The problem is that his wife and kids are in The Pearl and while everyone thinks it’s empty Johnson has to get inside the burning building, ideally around the 100th floor, above the fire line, and save the day.

That’s it in plot terms. David Mamet says drama hinges on two things; what does a character want and why does it have to be now? In screenwriting terms these are known as ‘stakes’ and Johnson’s stakes are impeccably established. He wants to save his family and he needs to do it now before they are burned alive.

Skyscraper pretty much hits the ground running. Johnson’s character is established in a pre-credit scene in which a situation goes a bit pear-shaped and he ends up losing a leg. The consequent prosthetic plays a huge part in the rest of the story – Sawyer’s artificial limb is like Thor’s hammer, Captain America’s shield, and Indiana Jones’s whip rolled into one.

It’s this level of invention that makes Skyscraper such fun. The plot runs on train tracks, calamity after calamity is heaped upon our hero and armed only with his wits, enormous quantities of duct tape, and his trusty prosthetic, Sawyer has to save the day.

One of the joys of the film is, in these days of over-reliance on CGI and animation, it relies almost entirely on physical effects. Those are real stunts with real stunt people and while there is a lot of green screen for background, there is real physical effort going into this.

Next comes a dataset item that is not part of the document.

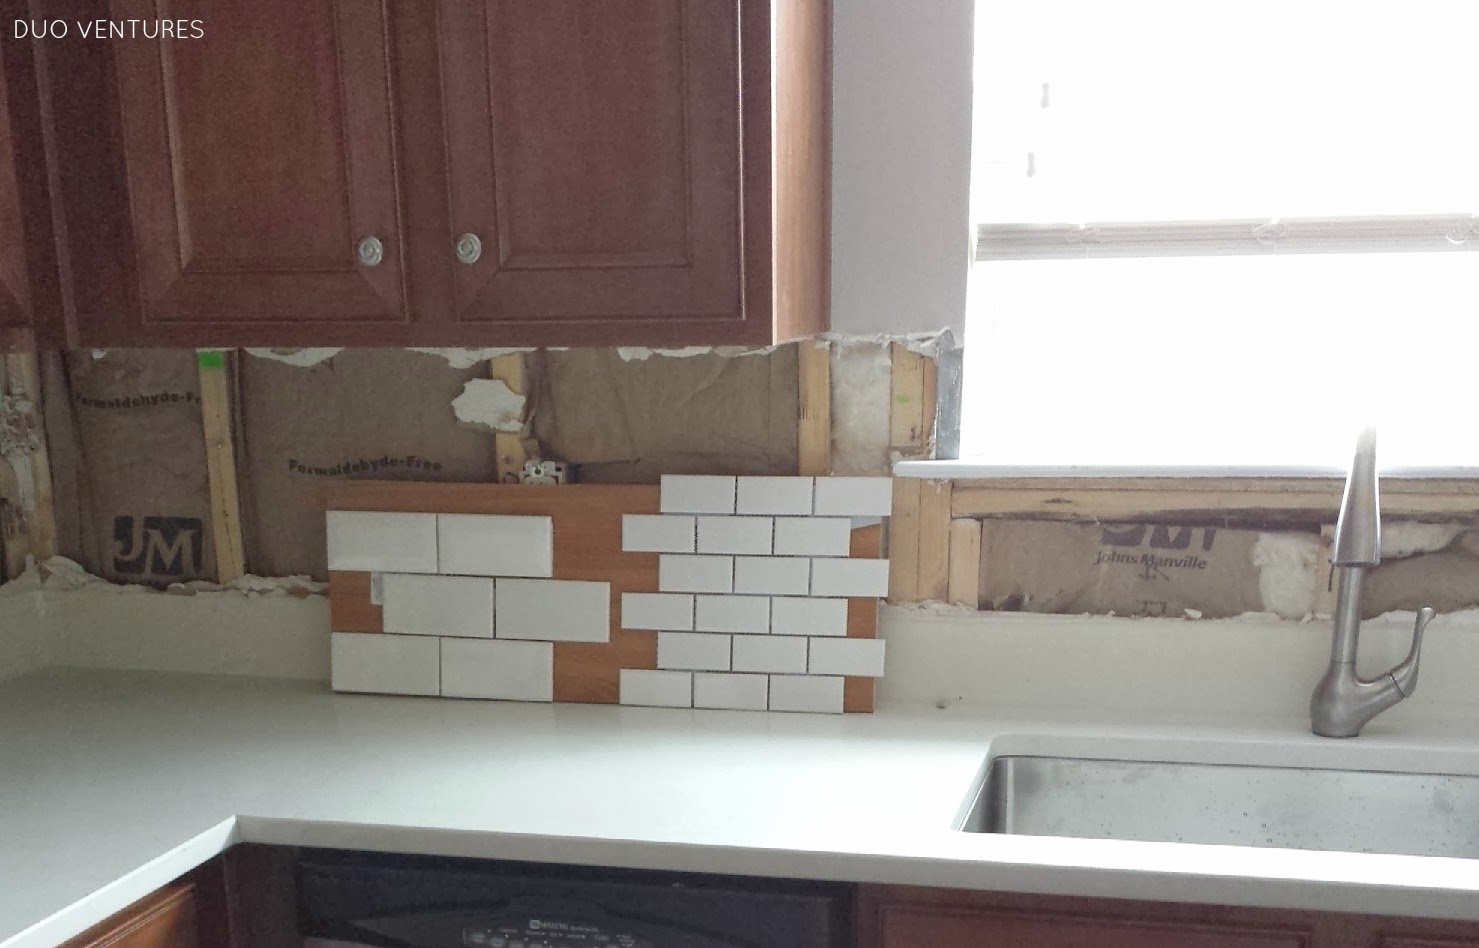 Subway Tile Backsplash Installation, What Size Subway Tile For Small Kitchen Backsplash

In addition, the cinematography by Robert Elswit is superb. Elswit is well known in indie circles for his work with Paul Thomas Anderson but, as his work on the Mission: Impossible franchise shows he is something of an action specialist. You can almost feel the heat and smell the smoke here.

Johnson does what Johnson does, and he does it very well; he is the right man in the wrong place at the right time. His physicality is incorporated into the characterisation but even so, the requirements of the role push him to the limit. And, in keeping with most of his movies, he does not hog the action. The female characters in his films tend to have a good deal of agency in the outcome of the story and Neve Campbell is no exception here.

Skyscraper isn’t perfect, the breadcrumbs in the script are a bit obvious, but it is tremendous fun and harks back to a simpler cinematic time while at the same time making the audience gasp with novelty and excitement.